Ongoing research highlights the important battles between pathogens and our gut microbiota.

The struggle between pathogens and the body’s protective gut microbiota plays a role in multiple health issues, such as food-borne illness, autoimmune disease, and cancer.

Researchers at Vanderbilt University Medical Center are examining the bacteria Salmonella and the ways it can turn the body’s own defenses to its own advantage.

Mariana Xavier Byndloss, Ph.D., an assistant professor of pathology, microbiology and immunology, has worked extensively in this area. Her recent studies involve propionate and aspartate, protective metabolites produced in the gut that may also, in certain circumstances, help the Salmonella pathogen grow.

“It’s been known for a while now that the gut microbiota plays a critical role in preventing Salmonella infection by producing metabolites, such as short-chain fatty acids, from the microbes digesting fiber in our diet,” Byndloss said. “One of them is propionate, which can prevent Salmonella growth by acidifying the pathogen’s cytoplasm. We are interested in understanding how Salmonella causes disease and how it can overcome these protective mechanisms.”

In the Body’s Defense

Salmonella can cause gastroenteritis and, in some cases, potentially fatal systemic illness. In the United States, sporadic outbreaks occur related mostly to food. However, some types of pets – such as reptiles and amphibians – can also transmit the pathogen. In Africa and other parts of the world, certain strains can cause systemic disease with fever, spleen damage and liver enlargement, while drug-resistant strains can be found worldwide, Byndloss says.

One way the pathogen flips the protective metabolites to its advantage is by inducing inflammation in the intestinal mucosa, changing the gut environment enough to outcompete the commensal microbiota.

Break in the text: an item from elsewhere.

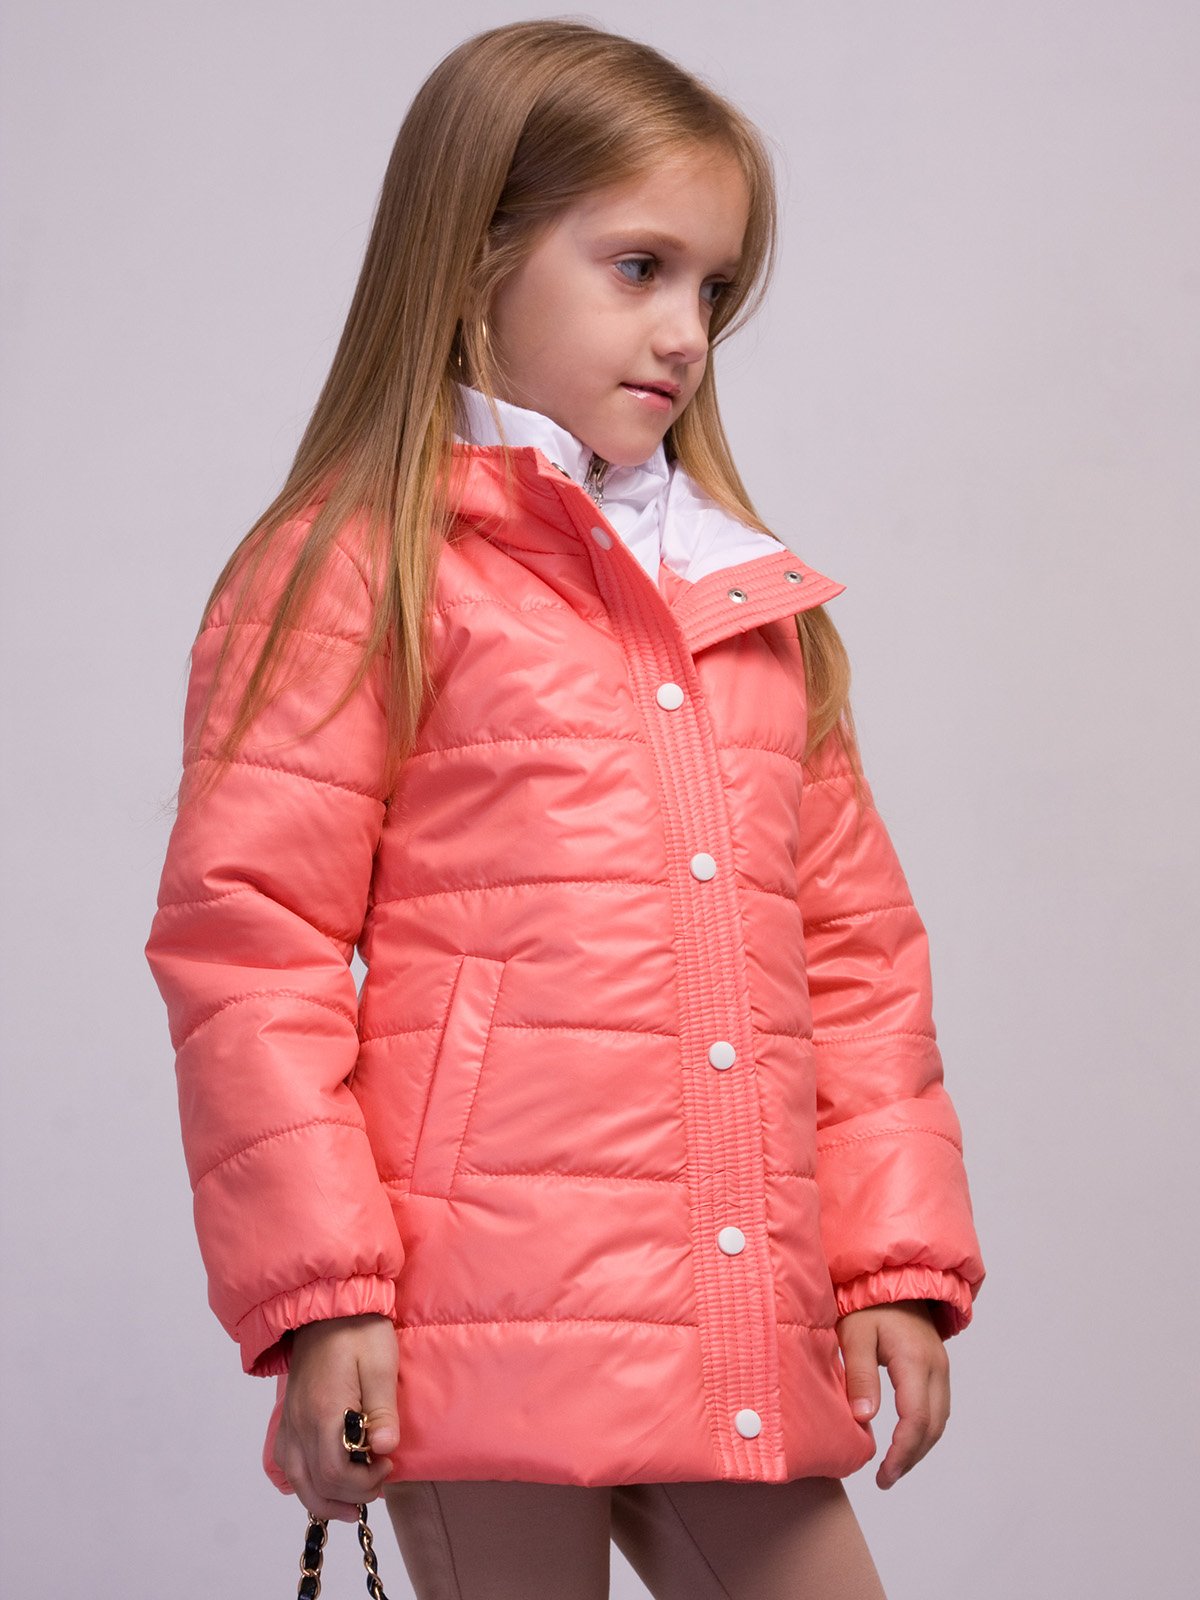 Куртка девушки розовая. Arista деми куртка для девочки. Куртка демисезонная девочка. Девочка в розовой куртке. Куртка детская демисезонная девочке.

Salmonella’s genes allow it to use propionate, but Byndloss’ team found those genes are not always active. In some cases, however, molecules from the host’s inflammatory response may cause the bacteria to switch its metabolism from fermentation to respiration, permitting uptake of propionate.

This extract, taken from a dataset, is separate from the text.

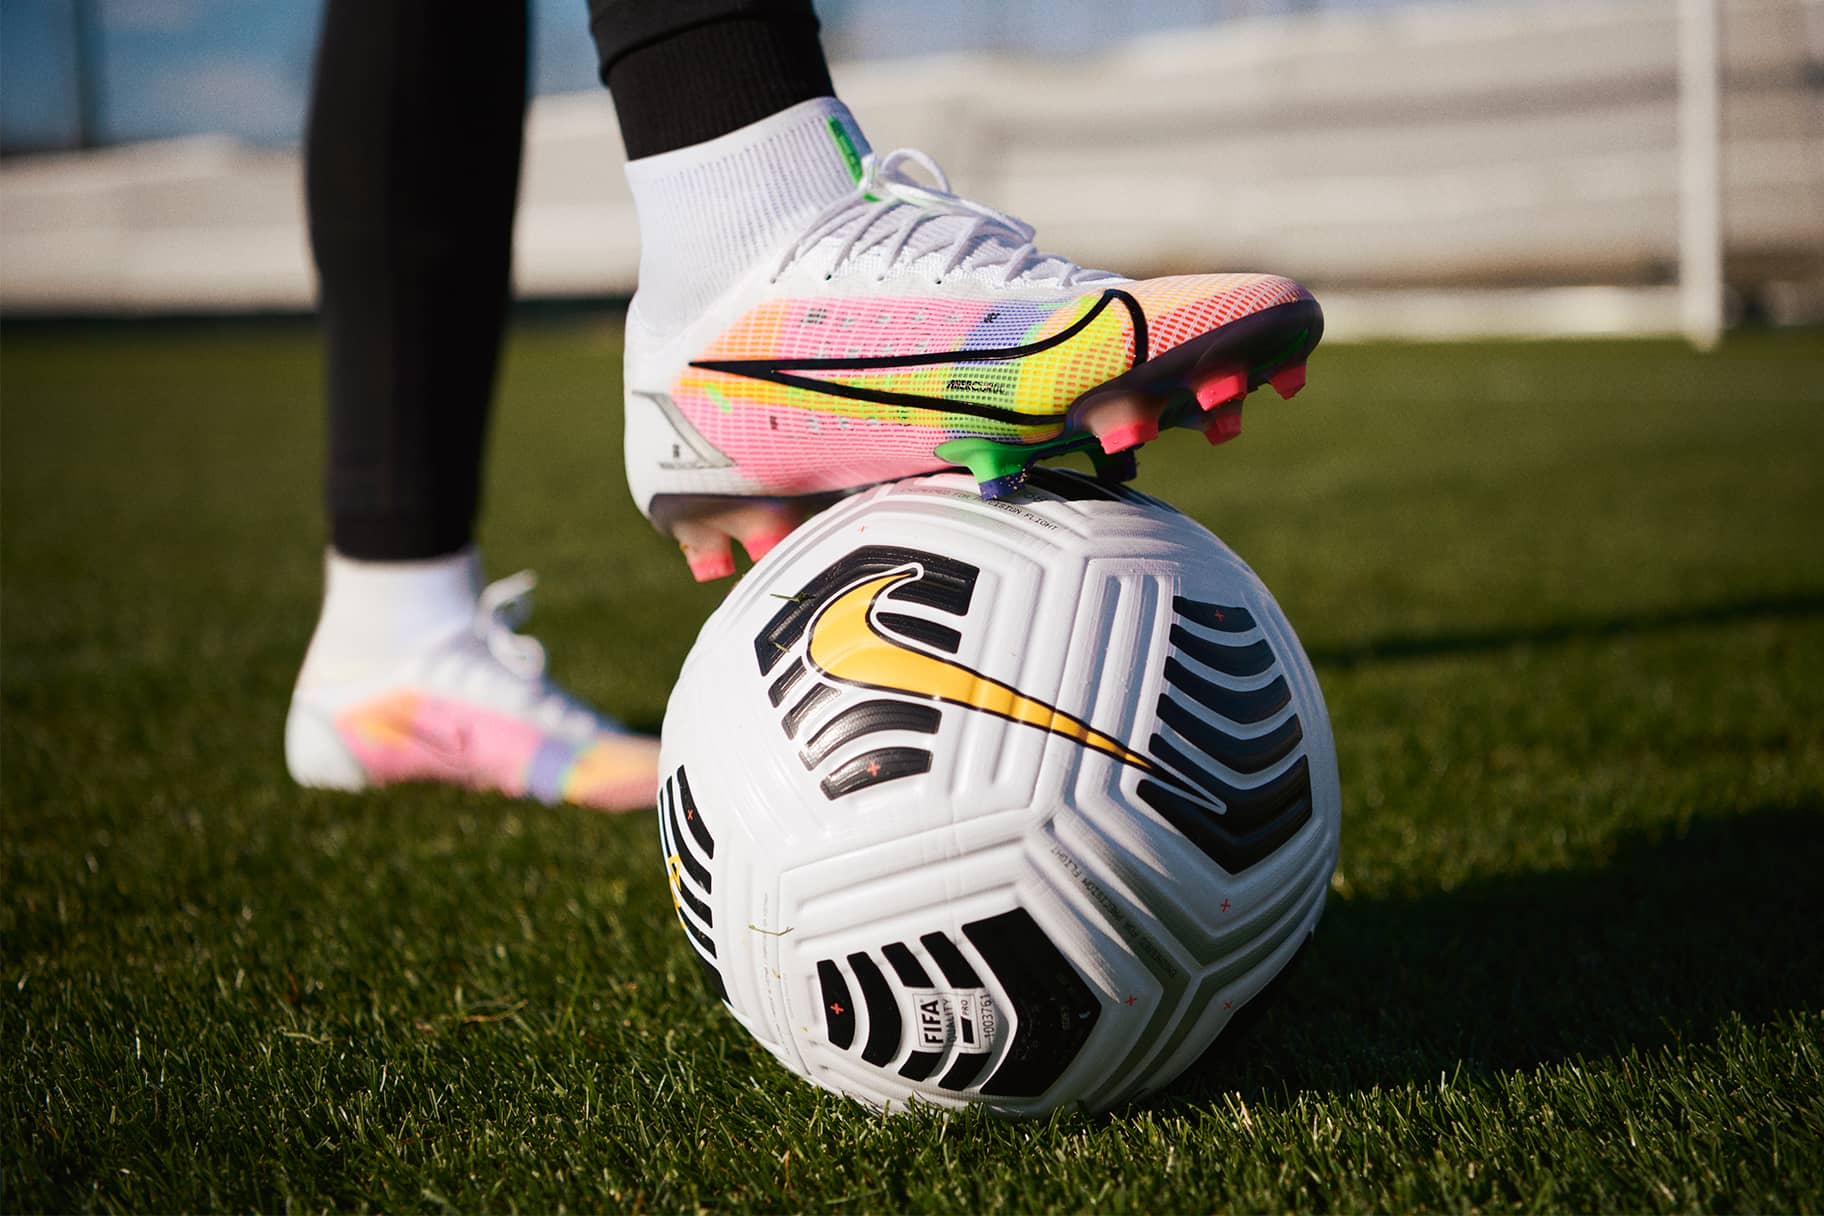 Soccer Shoes. Nike.com

Byndloss and colleagues have also studied the possibility that propionate may regulate pathogen virulence, expressed through genes that cause inflammation.

During the stage when Salmonella cannot use propionate, the genes causing its virulence are amplified. Once it switches to respiration and propionate utilization, it down-regulates the virulence and invasion genes – to avoid killing the host.

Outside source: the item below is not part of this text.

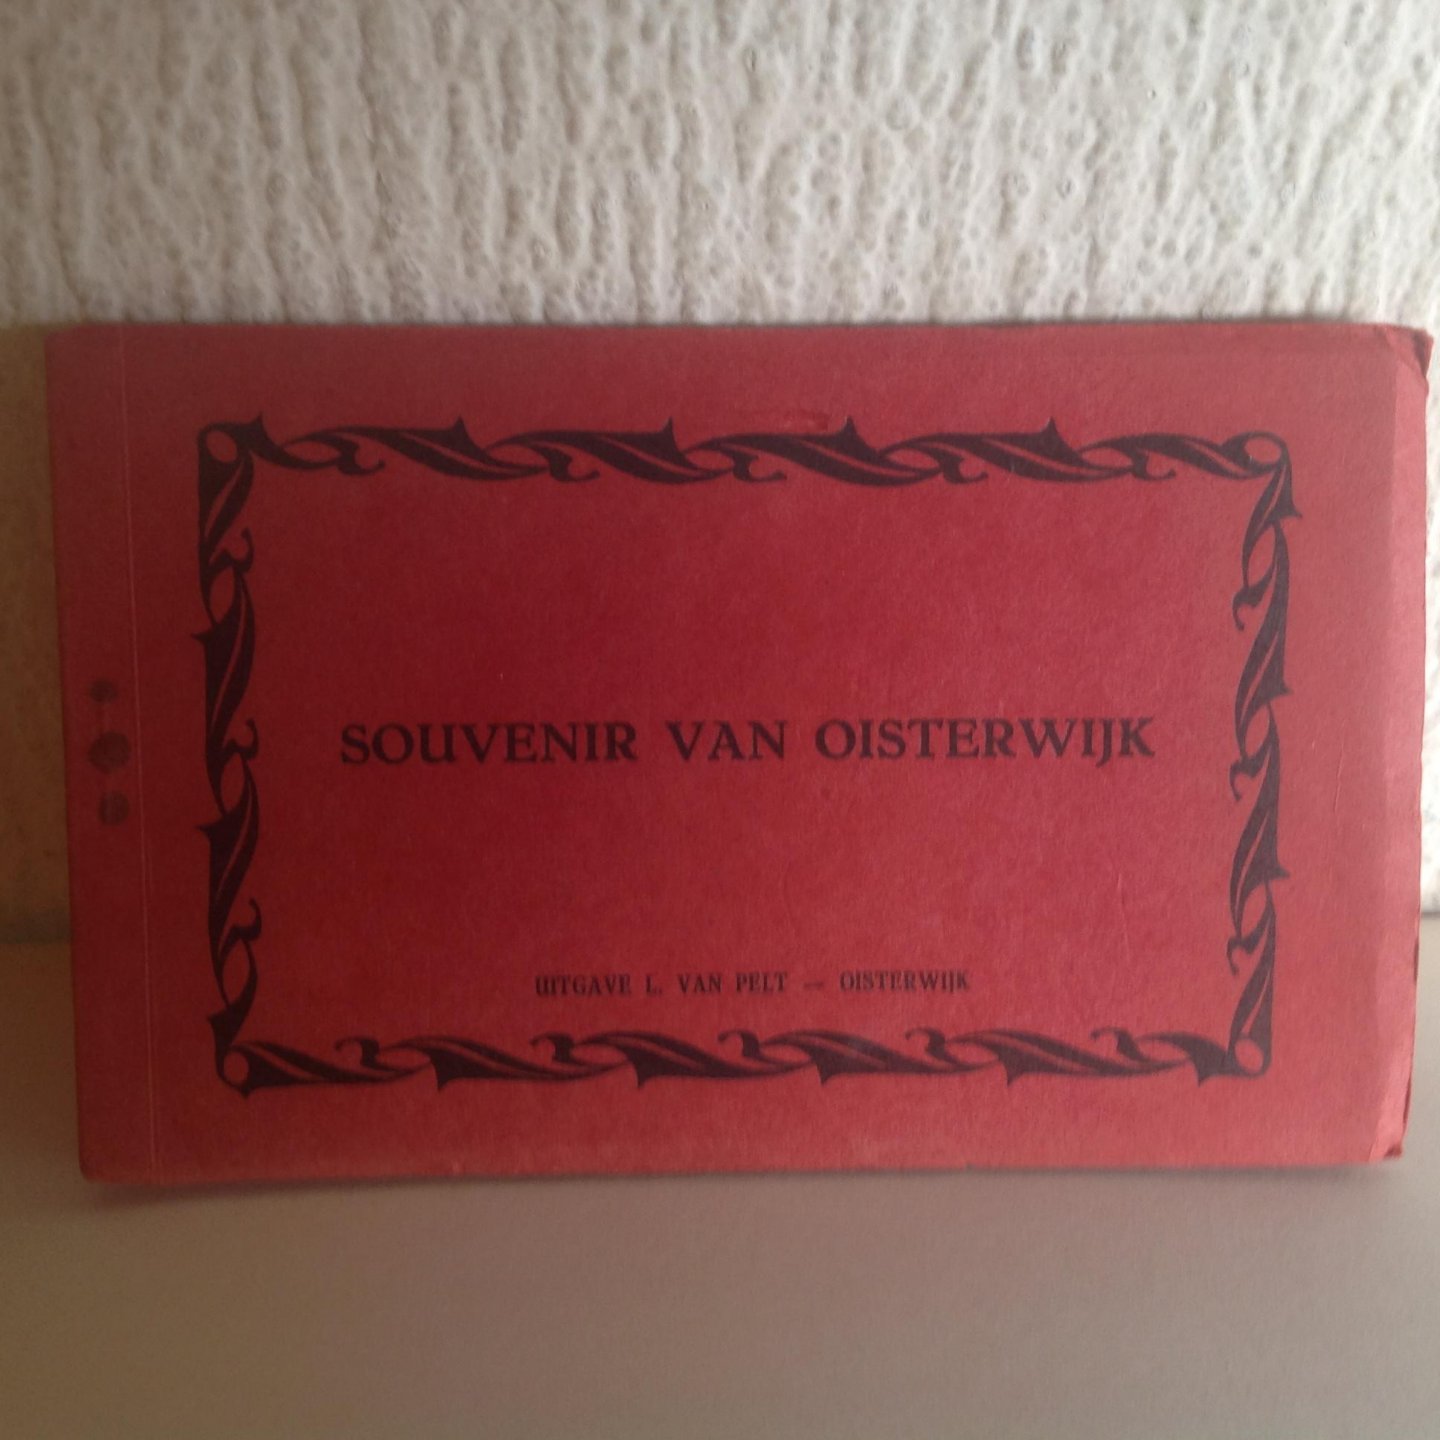  - Ansichtkaarten boekje Oisterwijk ,souvenir

“Our thinking is that this is a way for the pathogen to sense the stage of infection,” Byndloss said. “It switches away from inflammation to a stage of growth within the intestine in order to transmit to the next host.”

Evolution Changes Rules

Byndloss notes that it can be tempting to think of the pathogen as having the intention, along with the ability, to outmaneuver the body’s defenses.

“There is a selective pressure for them to adapt to this environment.”

“But it’s all evolution,” she explained. “Microorganisms evolve much faster than we do. They replicate every 30 minutes. The fittest cell survives. There is a selective pressure for them to adapt to this environment.”

This includes resistance to antibiotics.

The goal of the pathogen is not to kill the host, but to survive and proliferate until it gets to the next. To do that, it must evolve its genome.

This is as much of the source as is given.